Designing a Database for the Cod Stomach Data Set

Paul Murrell


Table of Contents

Introduction
Variables
Data format
Exercises

Introduction

The data are measurements made on the stomach contents of Atlantic Cod. The data set described herein is provided in a colon-delimited ASCII text file format. This is a small sample from a larger data set with more stomach contents and more variables.

Variables

The data set contains the following variables:

region -
shipType - The type of ship (e.g., commercial versus research).
shipID - Unique ship identifier.
trip - Trip identifier; unique within a region.
set - Set identifier; unique within a particular ship on a particular trip. A set is, e.g., one set of a fishing net.
fishID - Unique fish identifier.
fishLength - Length of a fish (mm).
preyMass - Weight of lump from cod stomach (grams).
preyType - Species of lump from cod stomach. Special value Empty means no lumps found in stomach. Rare species gathered together under special label Other.

Data format

The data set is provided as a colon-delimited ASCII text file called cod.txt.

The file CodMeta.xml provides a StatDataML description of the data set.

Exercises

Designing a database
Q: Designing a database

This data set is provided in a plain text format. The task in this exercise is to produce a database design to store these data in third normalised form.

A:

We can start off by identifying a few simple entities within this data set. For example, thinking about the physical objects involved, there is clearly information about individual ships and information about individual fish, so we will have a fish_table and a ship_table.

It is abundantly clear that there are going to be several tables in the database; from a normalisation point of view, it is clear that we could not have a single table because there would be columns that do not relate to the primary key, or relate not only to the primary key, but also to each other; not to mention that we would have trouble finding a primary key for one big table in the first place.

For each ship we have one or two identification numbers. We need both numbers in order to uniquely identify each ship (different commercial vessels share the same ship_type), so we cannot use either variable on its own as a primary key. Furthermore, the ship_id for research vessels is missing (in database terms, the value will be NULL), which means that the ship_id variable cannot be used as part of the primary key. We will use an artificial, auto-increment key for this table.

ship_table  (ID [PK], ship_type, ship_id)
          

For each fish, we have a numeric label and the length of the fish; we also have lots of information about what was in the stomach of the fish, but we will leave that until later. The fish_id label is not unique for each fish, so again we will use an auto-increment primary key.
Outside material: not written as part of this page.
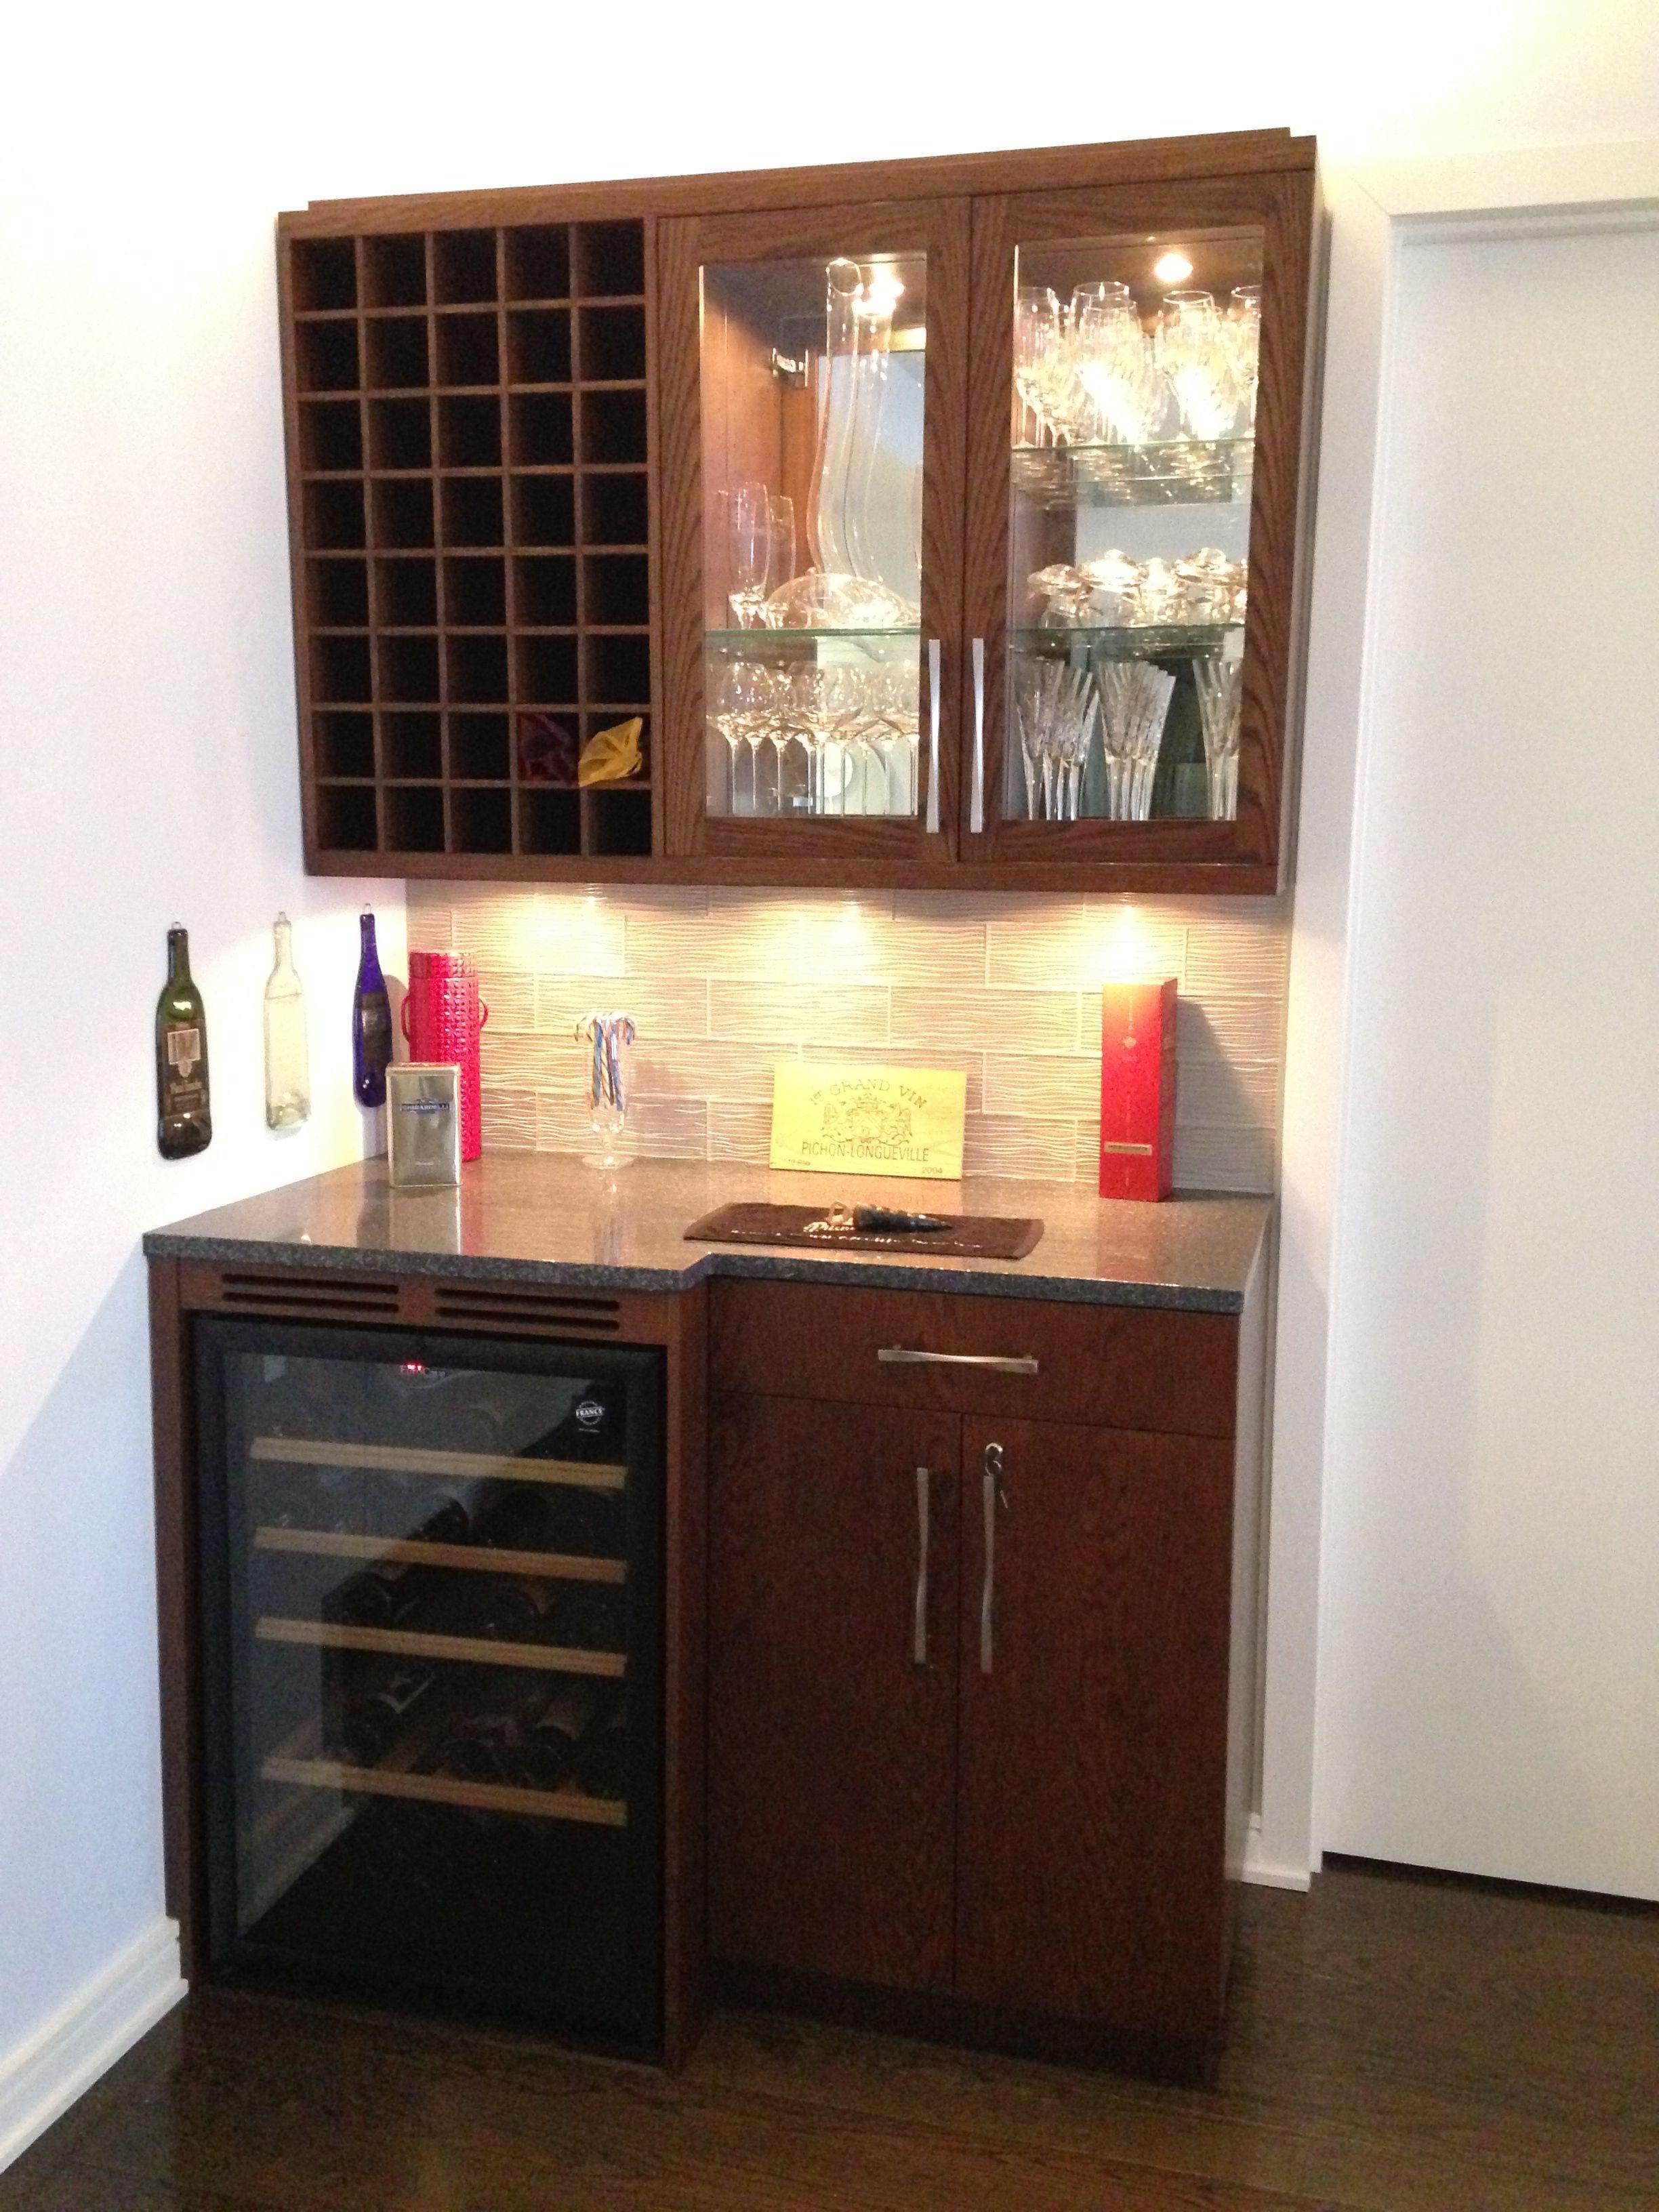 Custom Stained Oak Bar Cabinet Cabinetmakernyc Madeinbrooklyn Oak Bar Kitchendesign Woodworking Custom Kitchen Cabinets Kitchen Cabinets Custom Kitchen

fish_table  (ID [PK], fish_id, fish_length)
        

Another important physical entity in the data set is a prey item (a lump found in a fish stomach). We could have a lump_table where, for each lump, we have information about the species of the prey item and the weight of the lump. We will add an auto-increment variable to provide a unique identifier for each lump in the entire data set.

lump_table  (ID [PK], prey_mass, prey) 
        

We will develop this table more a little later.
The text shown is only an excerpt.